Отец подошел, ругаться не стал, а поставил  мишень на подставке от старого телевизора. Мишень эта была подготовлена заранее, с привычным для глаза рисунком – возможно, отец предвидел  ход событий.
Она спокойно выстрелила несколько раз – как это делать, подсказывать было не надо. Отец  подошел к мишени и окончательно убедился, что дочь готова превзойти всех своих предков. Знать об этом окружающим было совсем необязательно.
Но люди прознали. И именно те, кого отец жестоко опасался. А вскоре он заболел, и охранять дочку от злых людей стало некому.
Когда отца не стало, очень скоро в доме не оказалось ни гроша. Работы для матери не было, в райцентре и молодые не могли найти применения. Жили тем, что продавали с сада-огорода. Подспорьем были и козье молоко, и куриные яйца. Это шло на рынок, этим и питались. Но девочка быстро превращалась в девушку, надо было одеваться-обуваться, да так, чтобы не дразнили в школе. Вот тут-то они ее и нашли. И уговорили произвести единственный выстрел. В человека. Прикинулись борцами за справедливость. Сказали, что это очень, очень плохой человек, убийца, что якобы уничтожил целую семью с малыми детьми. Большая пачка денег помешала ей проверить сказанное. Она спрятала деньги в самый дальний угол комода, а потом «случайно» нашла их, заверив мать, что это была заначка отца, о которой он не успел сказать перед смертью. Матушка ее, не отойдя еще от тяжелой потери, безучастно вздохнула и сказала всего одно слово:
– Хорошо.
И она выполнила то, чего ждали эти денежные люди. Выполнила быстро и беззаботно, словно стреляла в мишень. И даже смотреть не стала, как он падал, ушла со своей «точки», не оглядываясь. Она не боялась разоблачения, ибо находилась далеко от места трагедии. Газет они с матерью не выписывали, радио не было. Телевизор показывал всего несколько каналов – центральных. Местные новости можно было узнать только от своих, деревенских.

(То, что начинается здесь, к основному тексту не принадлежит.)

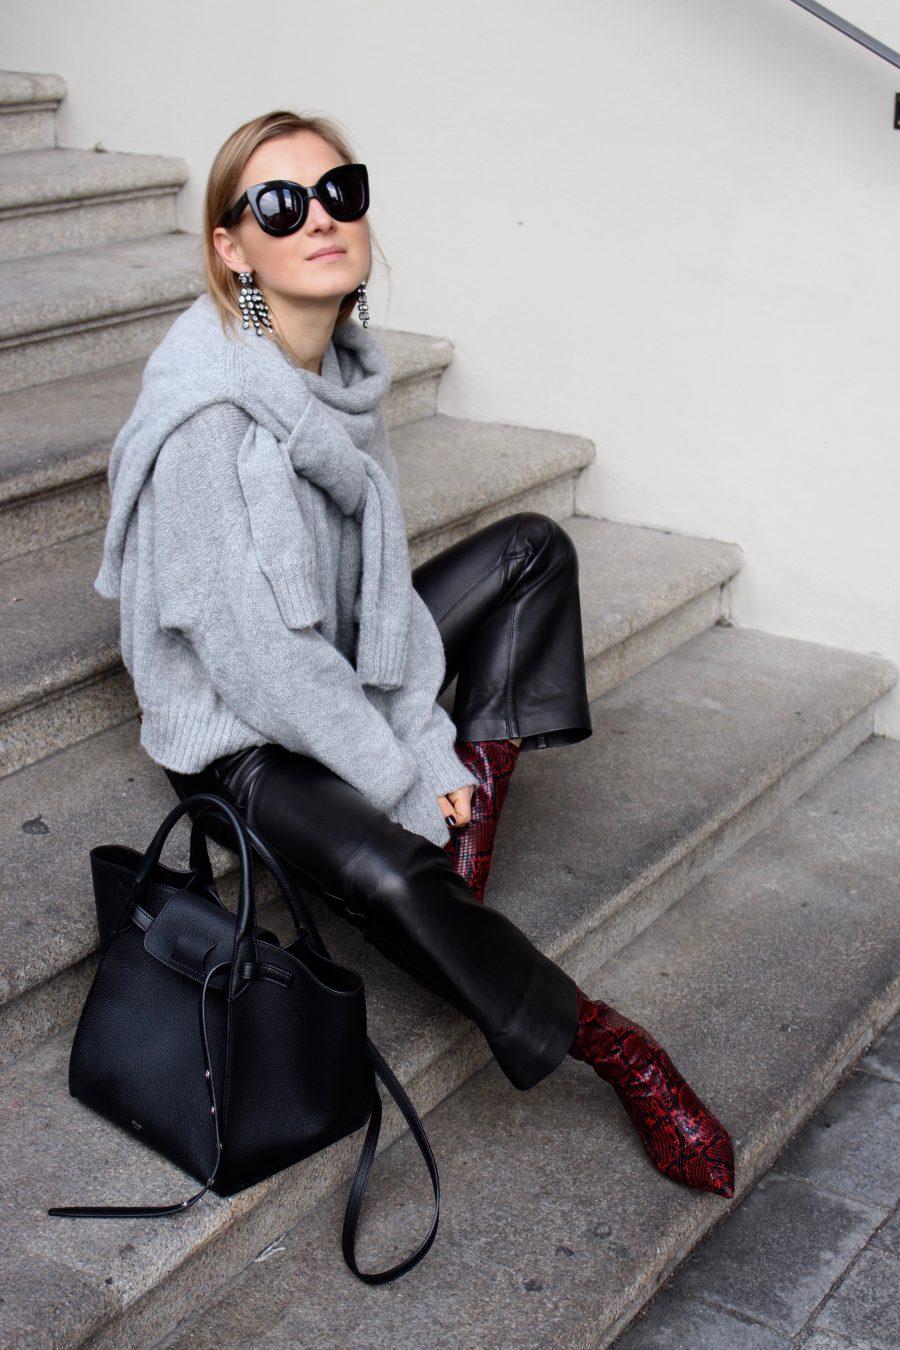 H&M Earrings Trend winter 2018

Возвращаясь с рынка в пригородном автобусе, они с матерью и узнали, что убит организатор экологического движения, выступавший против продажи пахотных земель местным богатеям. Те сеют невесть что, затем инсценируют уборку урожая, и все это с одной целью – потом, когда ослабнет контроль или удастся подкупить власти, построить здесь завод по выпуску биологически активных добавок. Либо еще чего, похуже. Сельчане гадали, кому они нужны, эти добавки. Людям? – но в аптеках их и так полно. Животным? – так скотины в деревнях почти не стало, а колхозы давно разорились. Вернее, их разорили. Наверное, людям – не всех их еще облапошили. Она слушала все это вполуха, не принимая близко к сердцу. Думала – да пусть они там хоть все передерутся, эти политики. Разве известно, кто платит деньги тем же экологам? Вот то-то и оно.
Но сильно задуматься пришлось, когда денежные люди подошли во второй раз. Окружив ее кольцом, заявили, что главный следователь по делу об убийстве эколога вот-вот нападет на ее след. Один там такой ушлый, остальные безопасны.
Она вновь была поставлена в нужное время в нужную точку и, как и положено мастеру, не промахнулась. Следователя не стало, но что-то там не срослось, и самый главный бандит, откровенно уважавший ее за высочайшую меткость, пришел в дом, когда матери не было, выложил на стол внушительную пачку денег, паспорт на чужое имя с ее фотографией, рассказав вкратце, что хозяйка паспорта утонула в Волге, попав в глубокую воронку.
Он предложил инсценировать на реке такую же, но – ее собственную смерть. Денег хватит, чтобы обосноваться в городе, желательно подальше, и жить безбедно несколько лет. Она спросила:
– А как же мама?
И получила уверения, что маму быстро отправят к ней. Надо будет написать в их райцентр, на Главпочтамт, до востребования. И он назвал фамилию, имя и отчество своей жены.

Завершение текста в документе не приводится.